1. Передача клеток в 5 мл полистирола с круглым дном (FACS) трубы.
2. Промойте клетки дважды в ледяной CMF PBS.
3. Инкубируйте образцы мертвых клеток пятно в течение 15 минут на льду в темноте.
4. Промойте клетки дважды в ледяной CMF PBS.
5. Блок ячеек с 2.4G2 anti-FcγRIII/II в ледяной окрашиваниембуфера в течение 10 минут на льду.
6. Вымойте клеток в ледяной окрашиванием буфера.
7. Инкубируйте образцы с антителами окрашивания коктейль в течение 20 минут на льду в темноте.
8. Промойте клетки с ледяного буфера окрашивания в два раза и образцы ресуспендируют в 400 мкл ледяного буфера окрашивания и проходит через 40 мкм фильтр крышки на трубах FACS.
9. Получить образцы на LSR II цитометр (BD), как определено стробирования стратегии в разделе 5 и на рисунке 1.

4. Обогащение ДК и макрофаги из кишечника

Подготовка реагентов и оборудования:

• Ледяной окрашивания буфера (PBS CMF + 5% FBS).

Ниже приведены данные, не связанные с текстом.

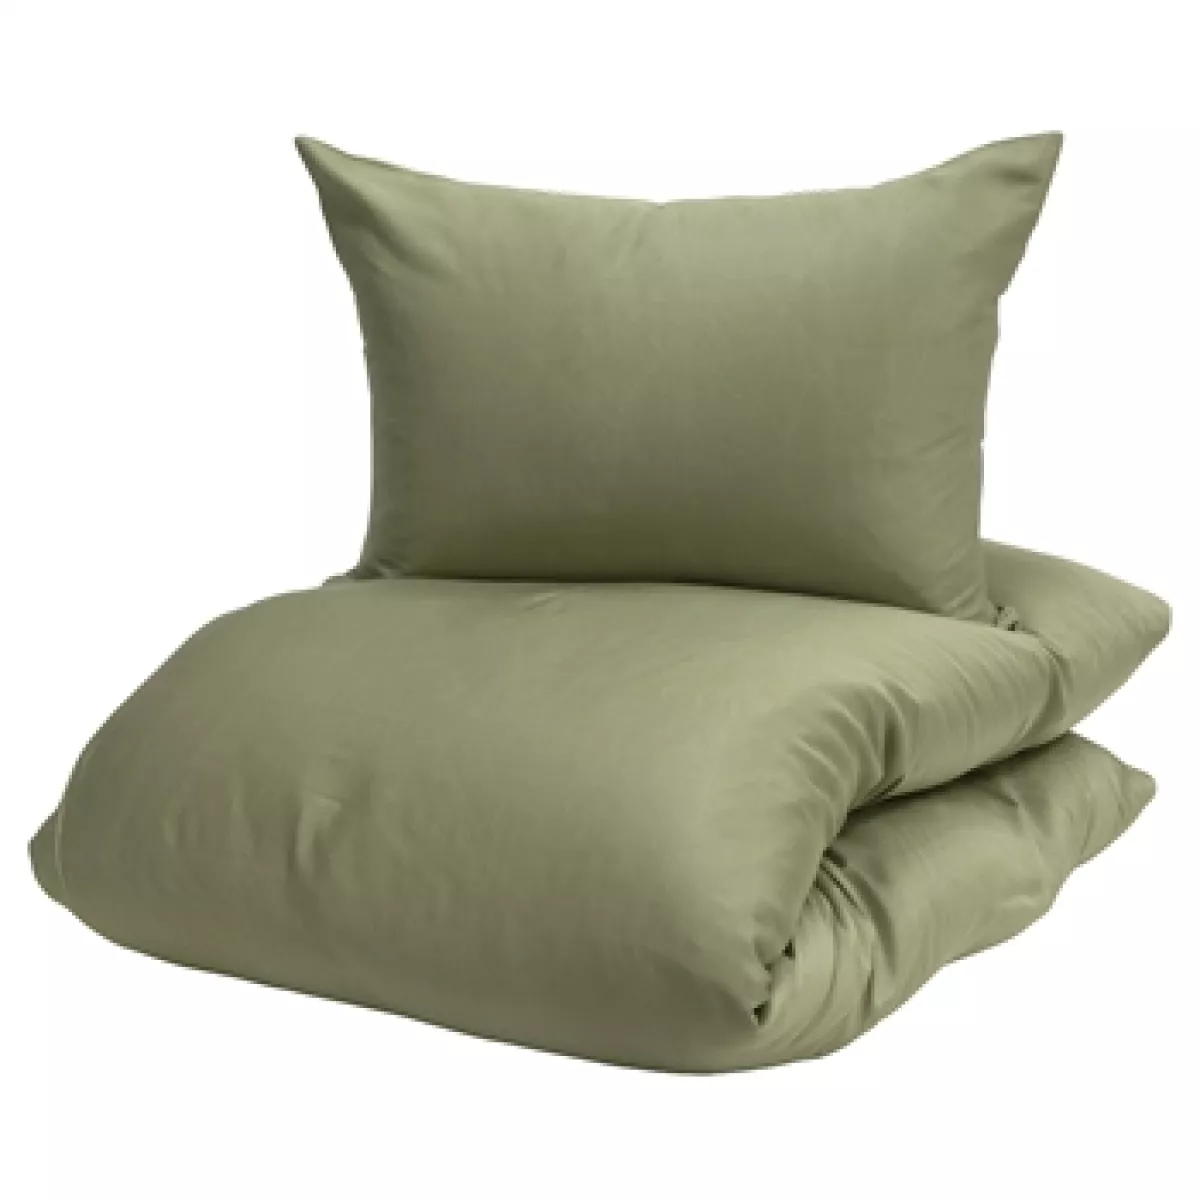 #3 - Turiform sengetøj - 140x200 cm - Enjoy grønt sengesæt - 100% Bambus sengetøj

1. Инкубируйте суспензии отдельных клеток, полученных из шага 2.5 с CD11b и CD11c MACS бусины в соответствии с инструкциями производителя.
2. Промойте клетки с ледяной окрашиванием буфера с последующим центрифугированием.
3. Удалить супернатант и ресуспендируют осадок клеток в 1 мл ледяной окрашиванием буфери проходить через ячейки 100 мкм сито следуют ячейки 40 мкм фильтр.
4. Расширьте возможности для магнитных шарика подключенных клеток положительной селекции с использованием MACS LS магнитные колонки.
5. Повторите шаг 4.2 и отказаться от супернатант.
6. Инкубируйте клетки с поверхности маркер МКА, как описано в пункте 3.7.
7. Вымойте магнитных шарика обогащенного клетки дважды ледяной окрашиванием буфера. Ресуспендируйте клетки гранулы в 500 мкл ледяной окрашиванием буфера без азид натрия, и пройти через сито 40 мкм клетки в трубку FACS.
8. Приступить к FACS-сортировки на BD ARIA II Сотовые Сортировщик для сортировки кишечного постоянного тока и / или макрофагов множества интересов.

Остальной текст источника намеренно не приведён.